Work task:
Keep to one stretch of the data below, the lines from the one with "Go Dawgs Two Toned PNG" up to and including the one with "Masaccio missil katolsk", and return that stretch exactly.

Provided material:
:::::

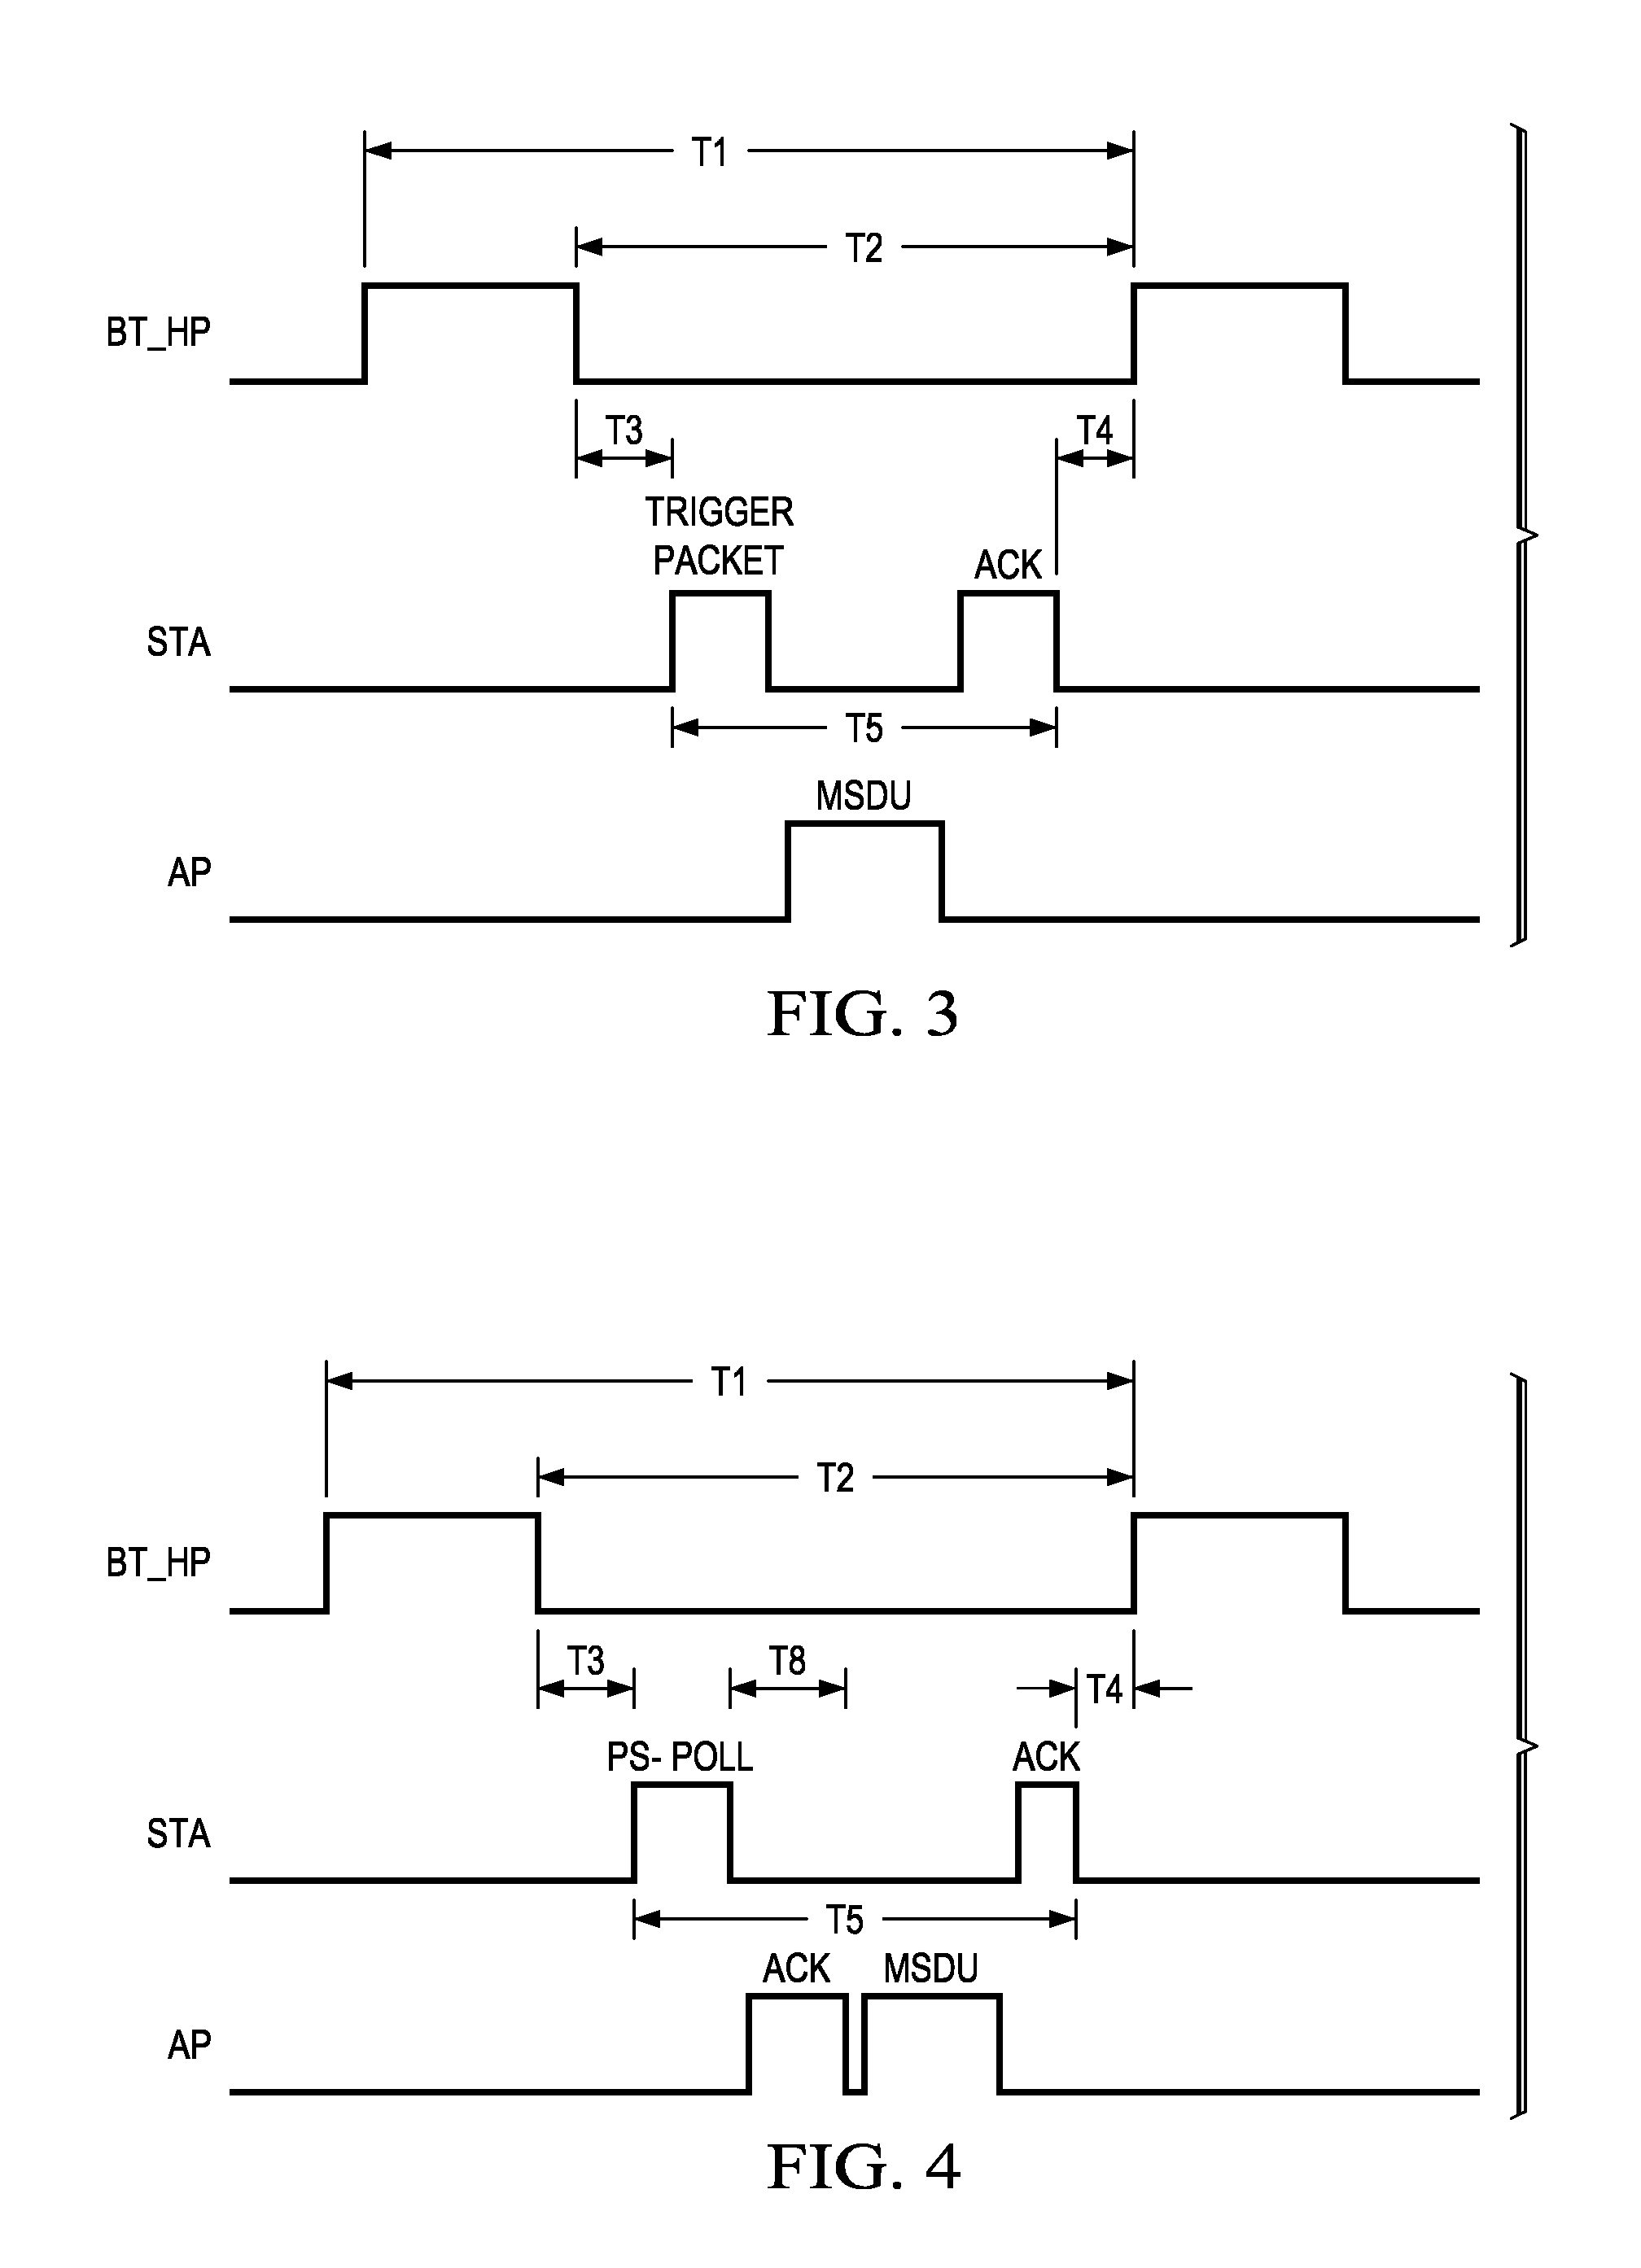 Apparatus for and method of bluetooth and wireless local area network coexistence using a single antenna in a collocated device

:::::

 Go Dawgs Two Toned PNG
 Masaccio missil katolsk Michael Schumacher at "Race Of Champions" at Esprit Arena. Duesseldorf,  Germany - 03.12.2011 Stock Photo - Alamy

:::::

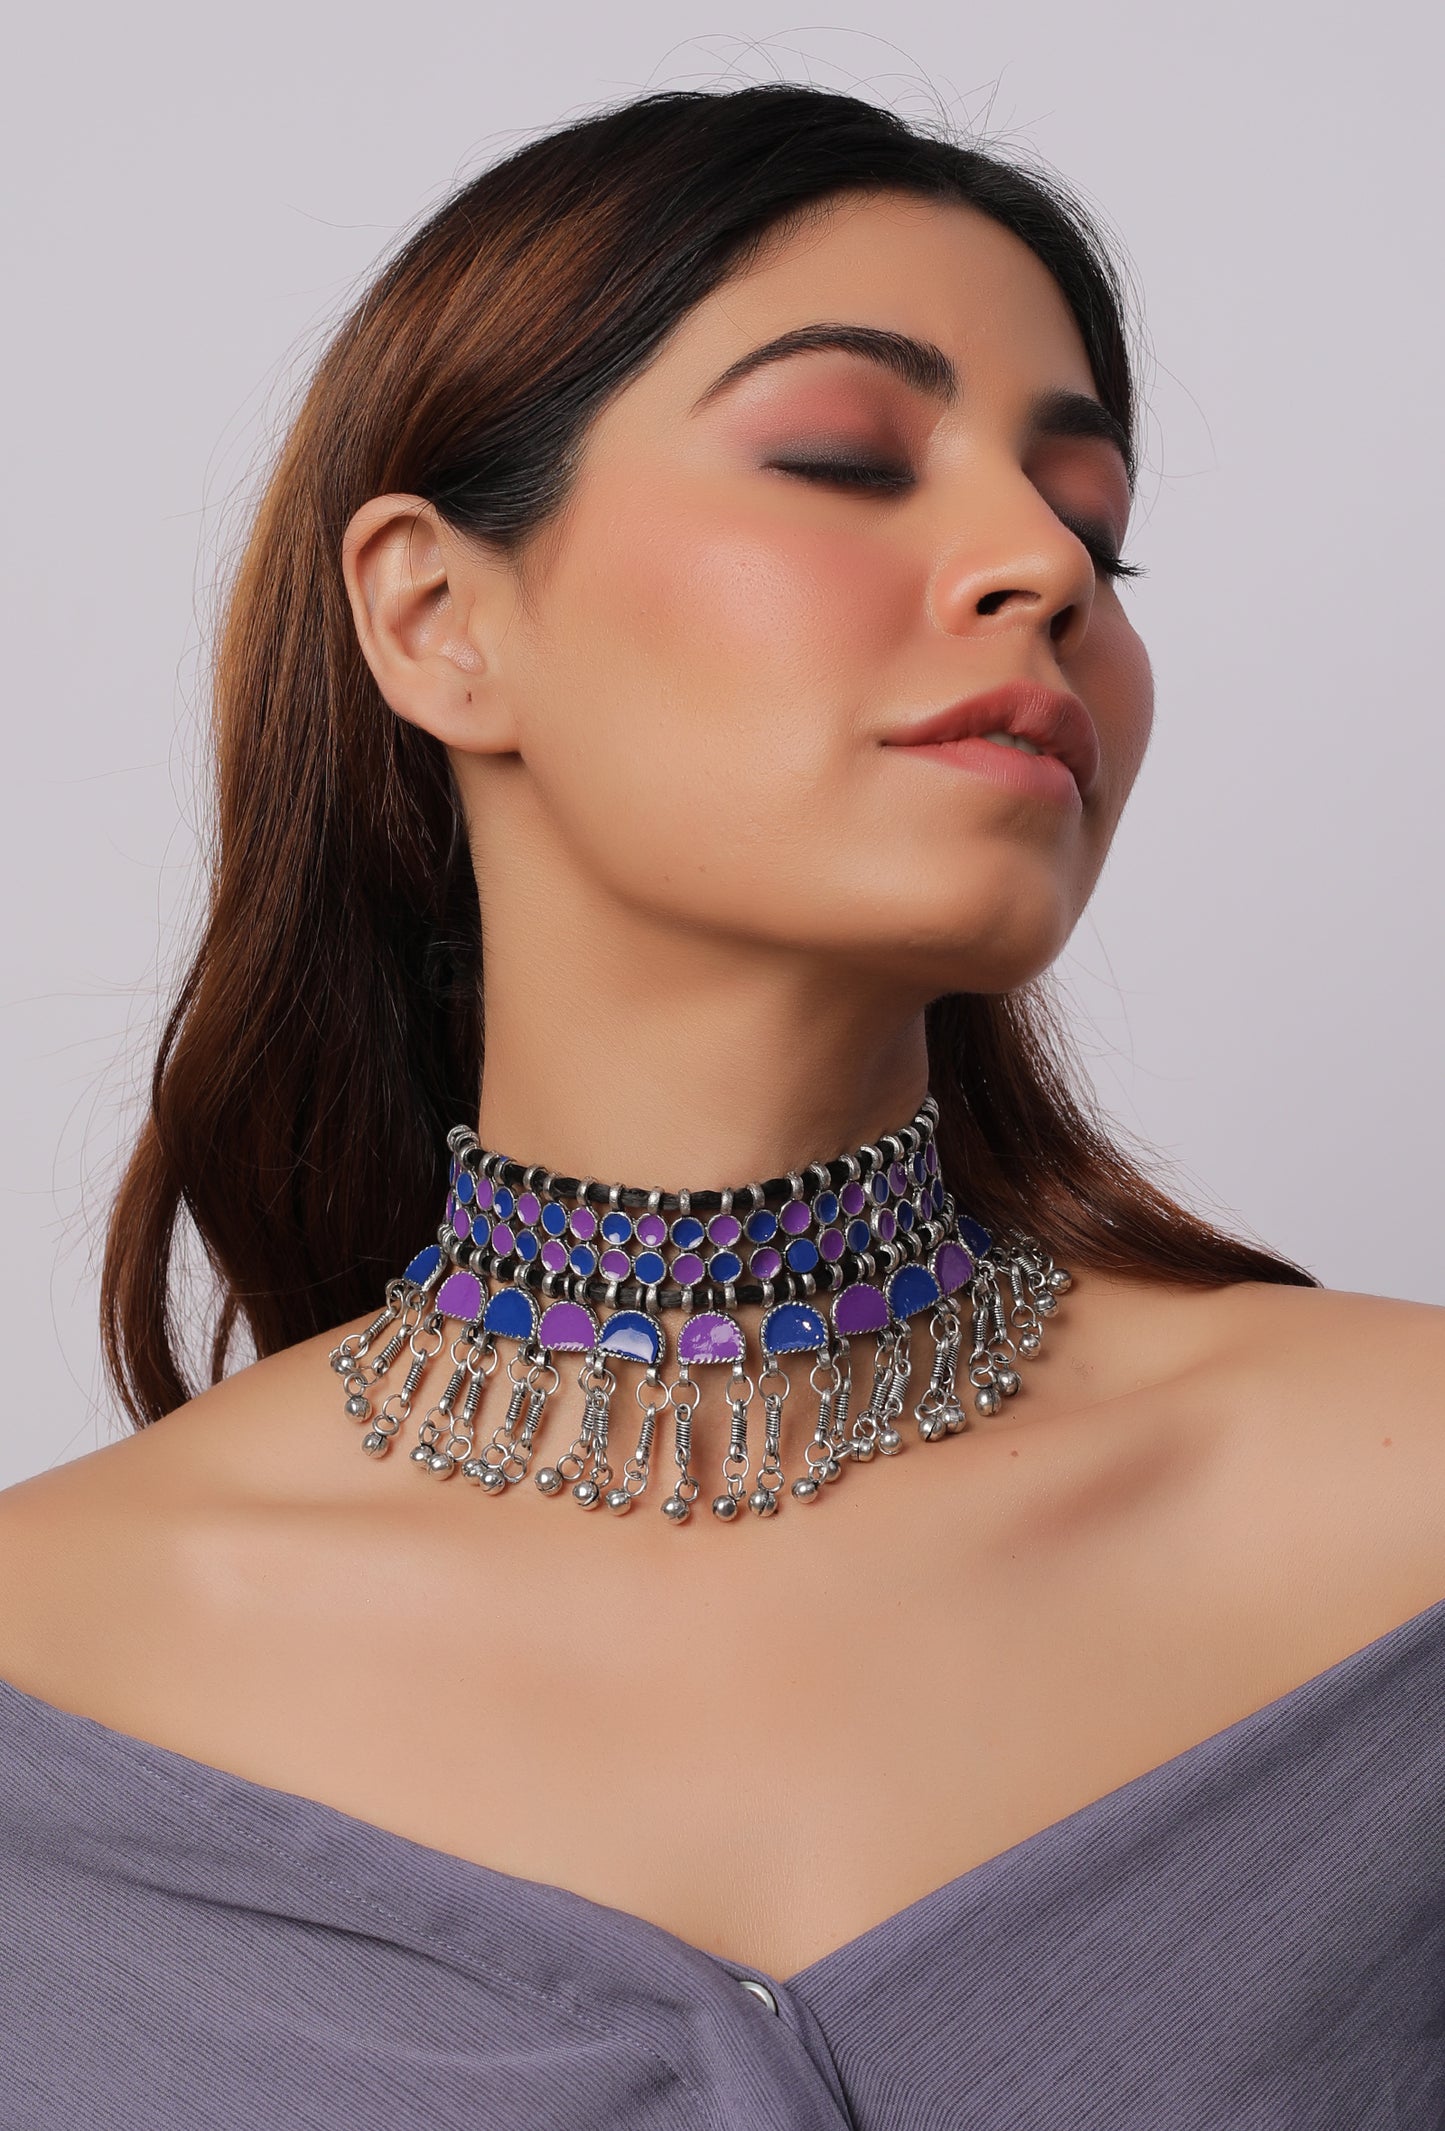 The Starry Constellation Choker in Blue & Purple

:::::

Task output:
 Go Dawgs Two Toned PNG
 Masaccio missil katolsk Michael Schumacher at "Race Of Champions" at Esprit Arena. Duesseldorf,  Germany - 03.12.2011 Stock Photo - Alamy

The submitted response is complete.